Available data
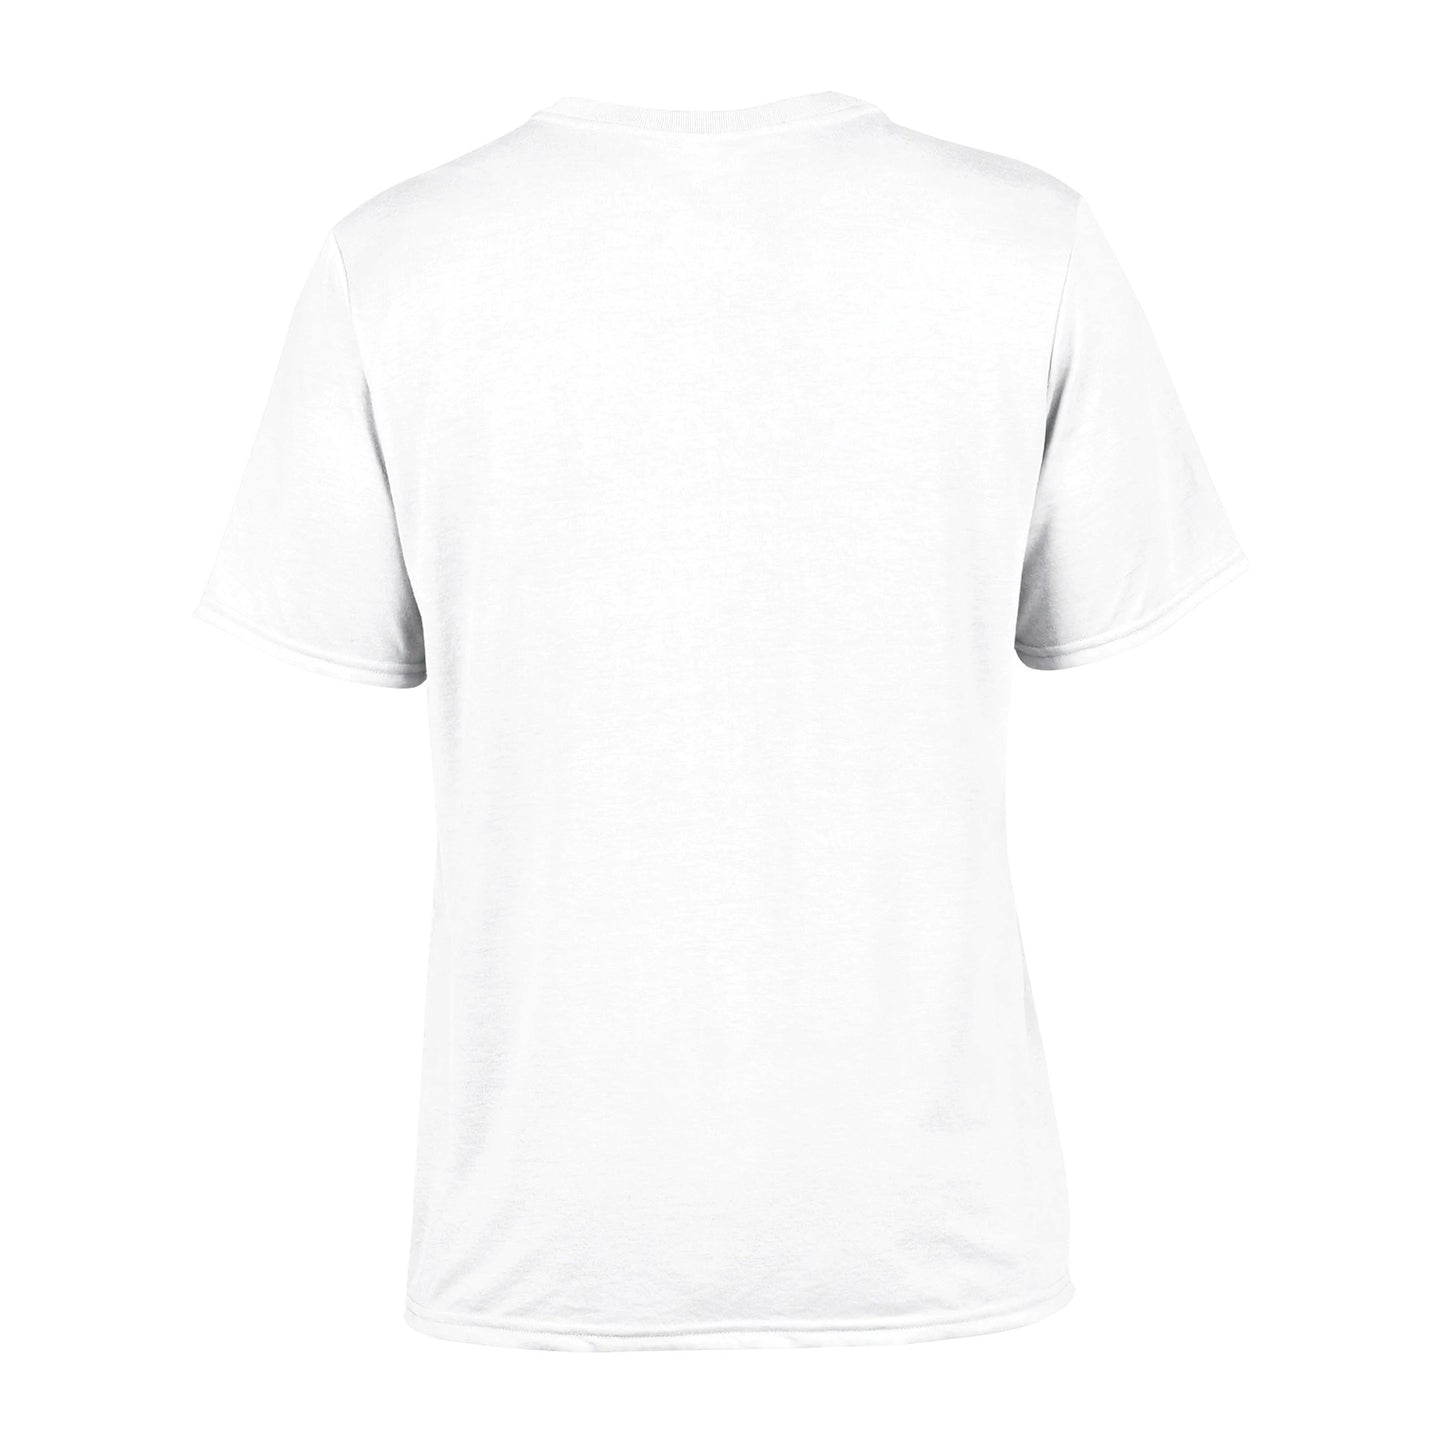 T-shirt tecnica per correre - Unisex -  Esco a Correre
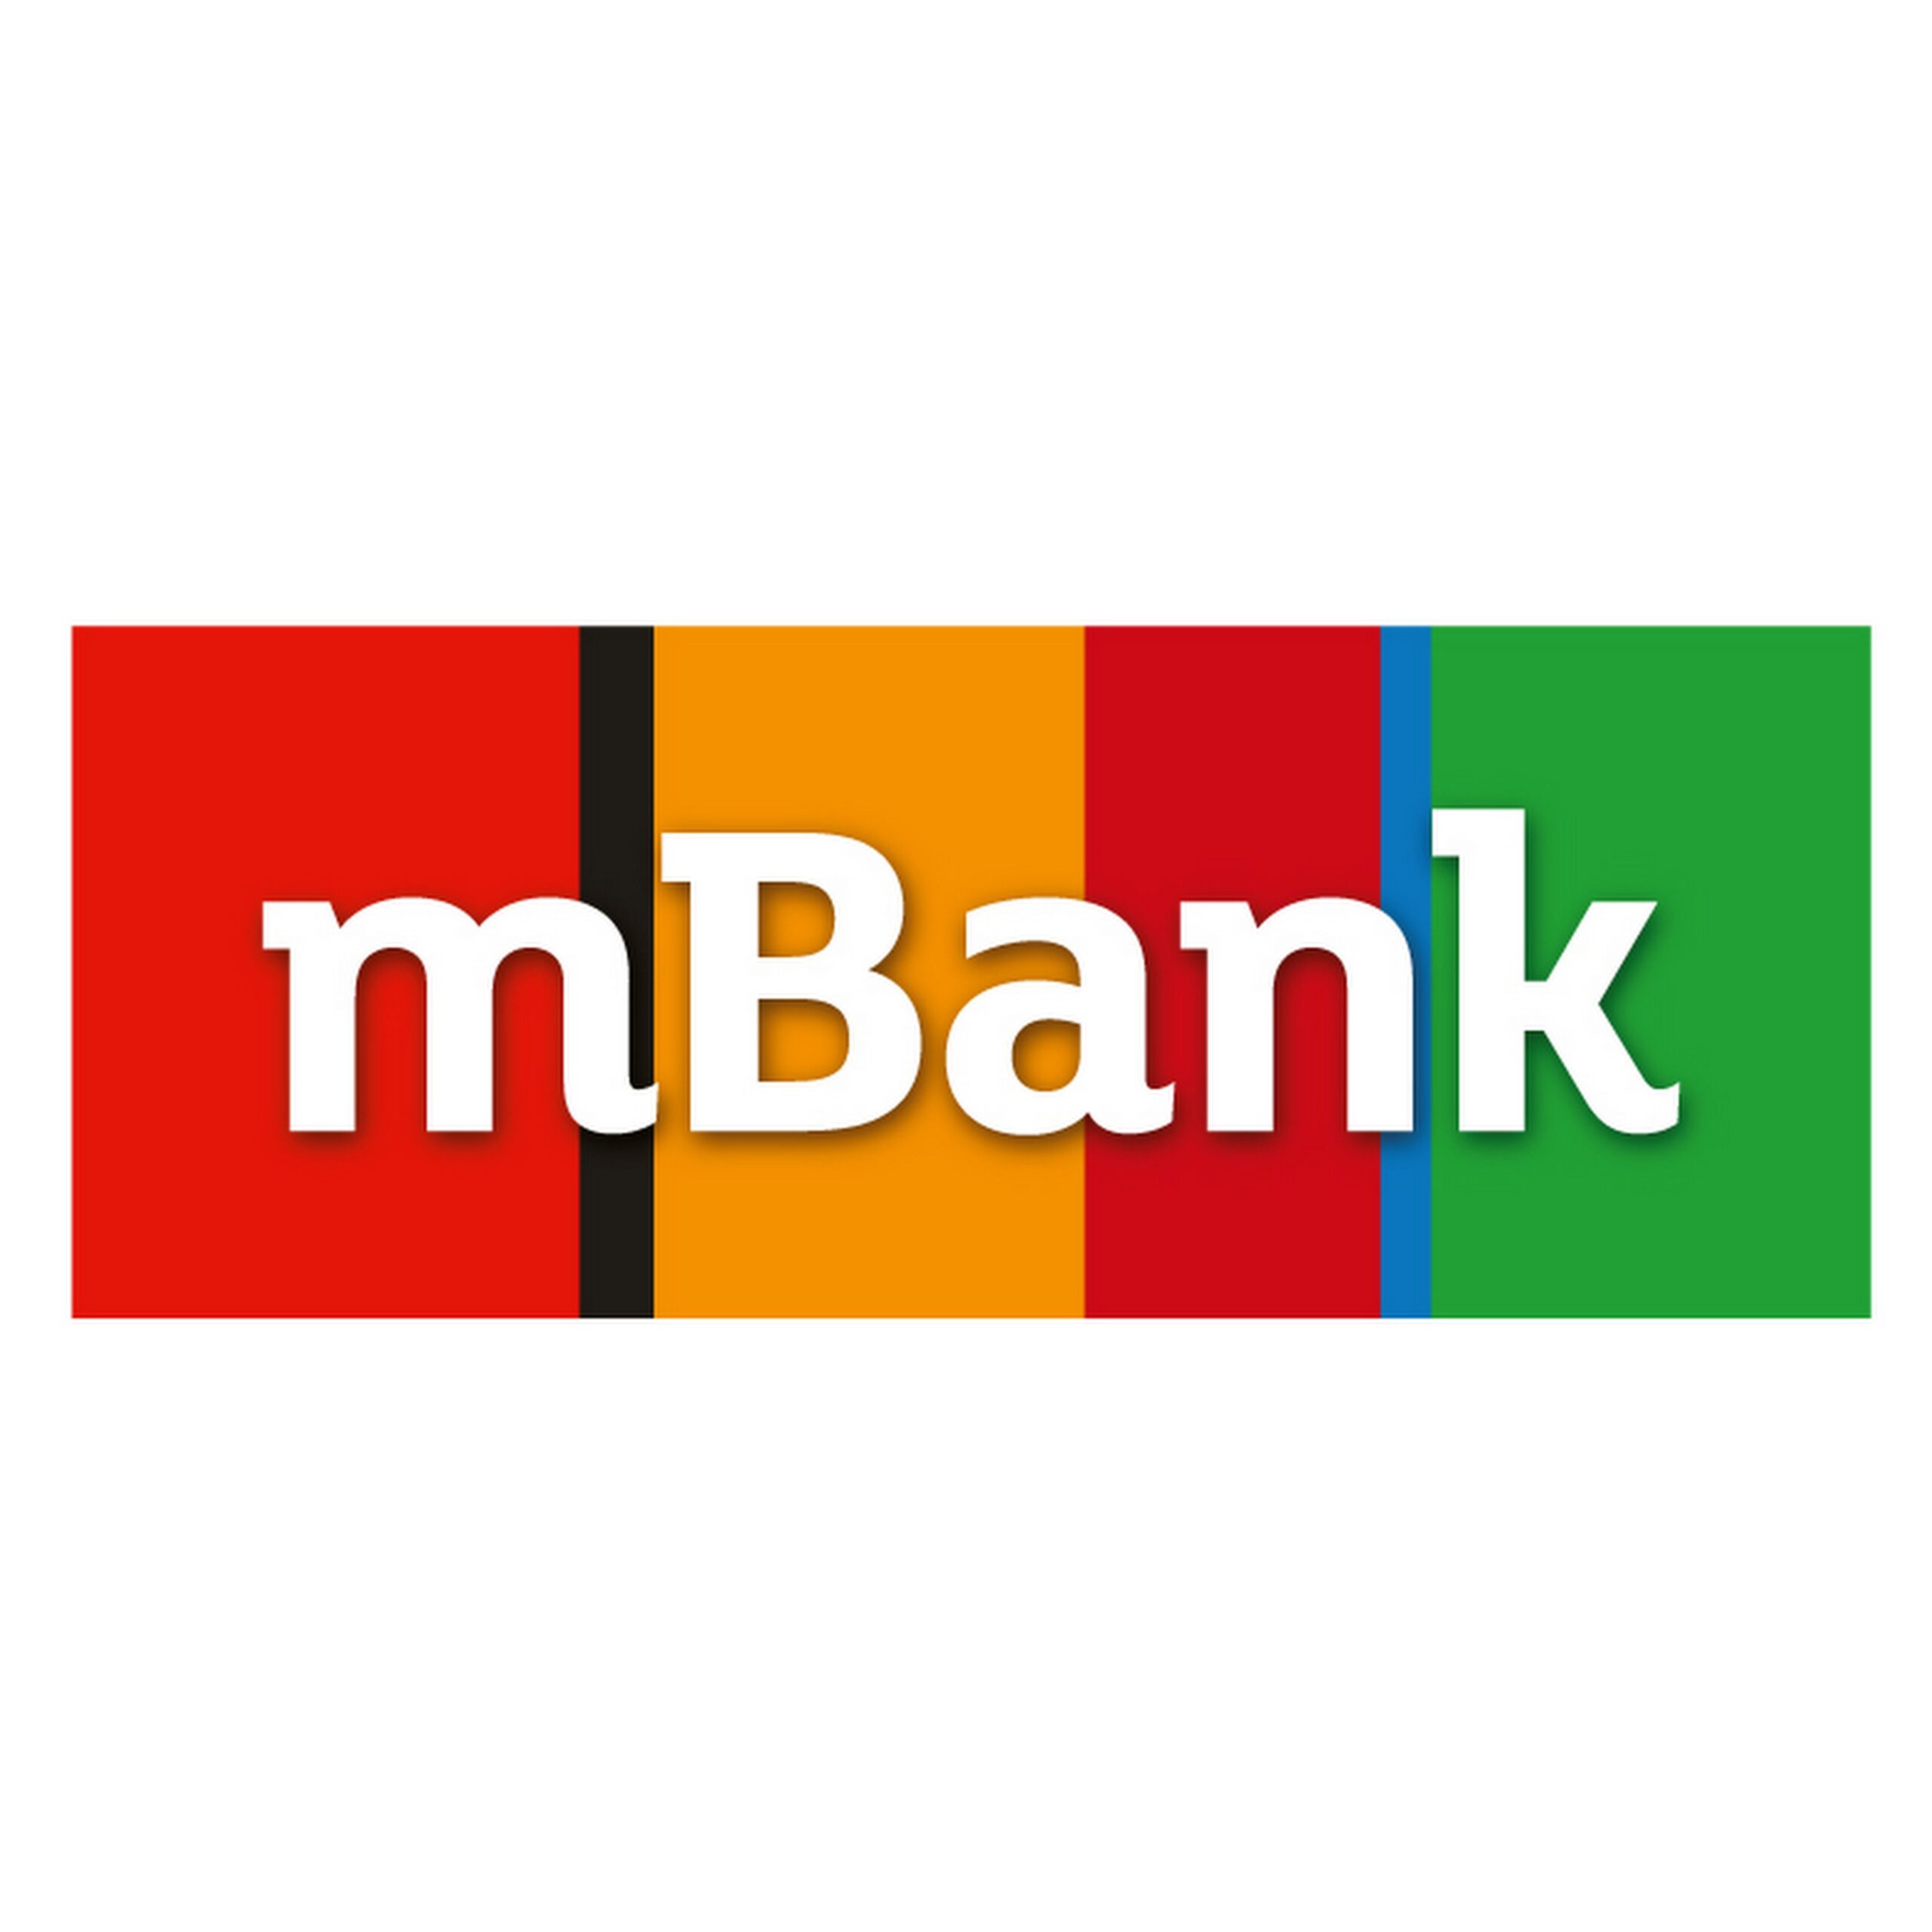 Grupa mBank zakończyła przetarg mBank mediarun com logo mbank scaled
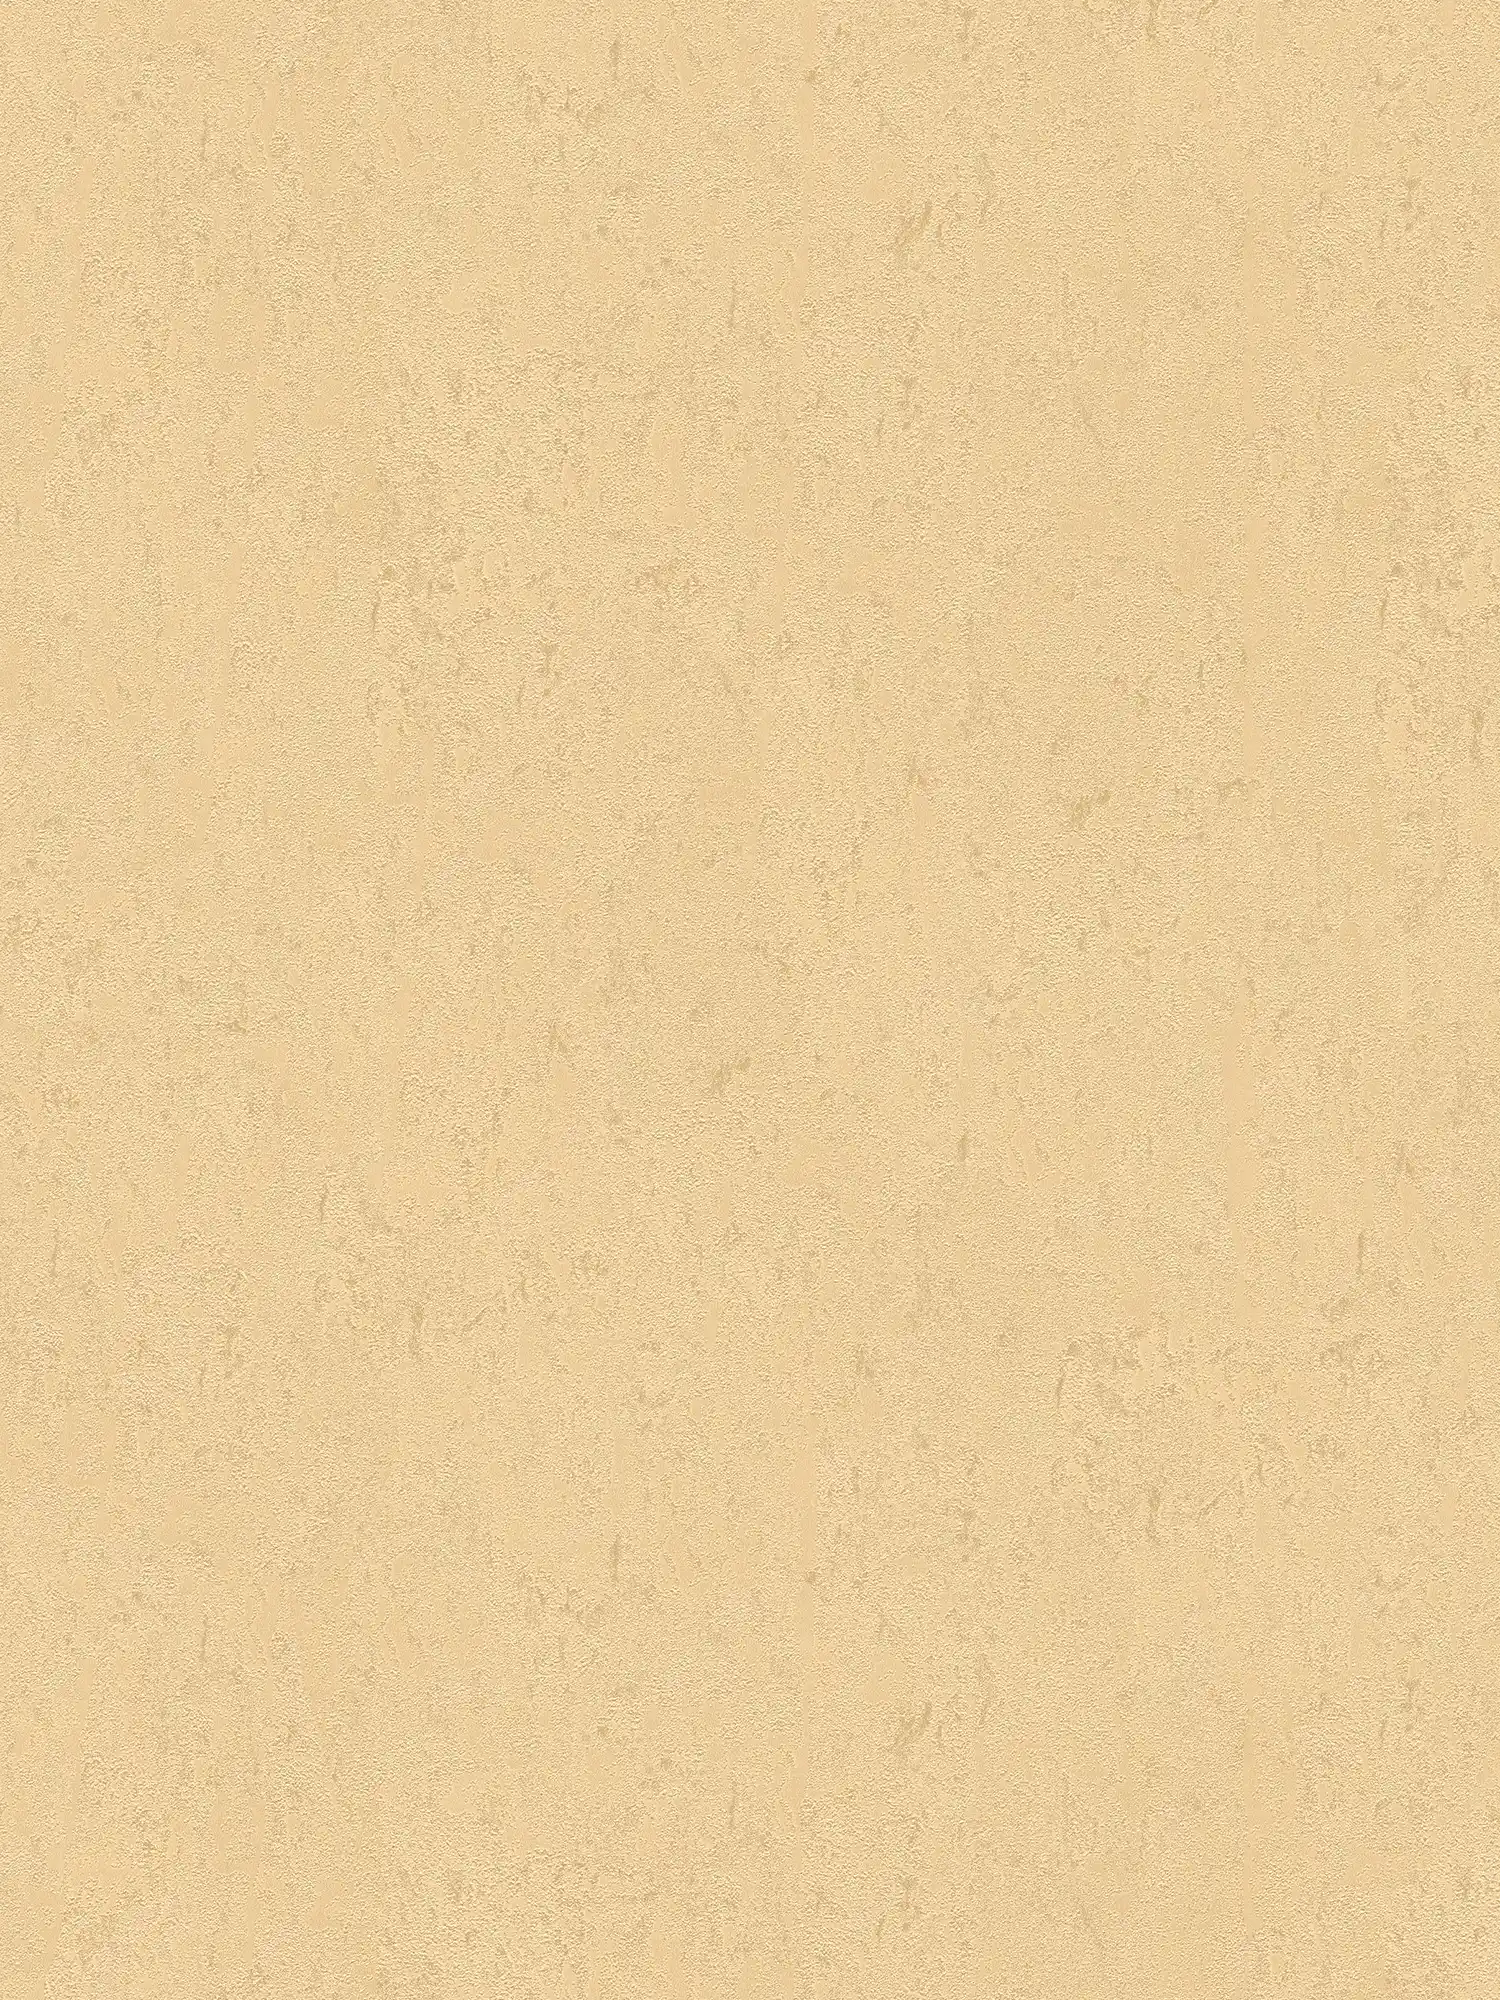 Non-woven wallpaper gold bright metallic uni with texture pattern

What to work on
An exact transcript of the listing is needed, free of pictures.

Response below
 T-shirt tecnica per correre - Unisex -  Esco a Correre
 Grupa mBank zakończyła przetarg mBank mediarun com logo mbank scaled
 Non-woven wallpaper gold bright metallic uni with texture pattern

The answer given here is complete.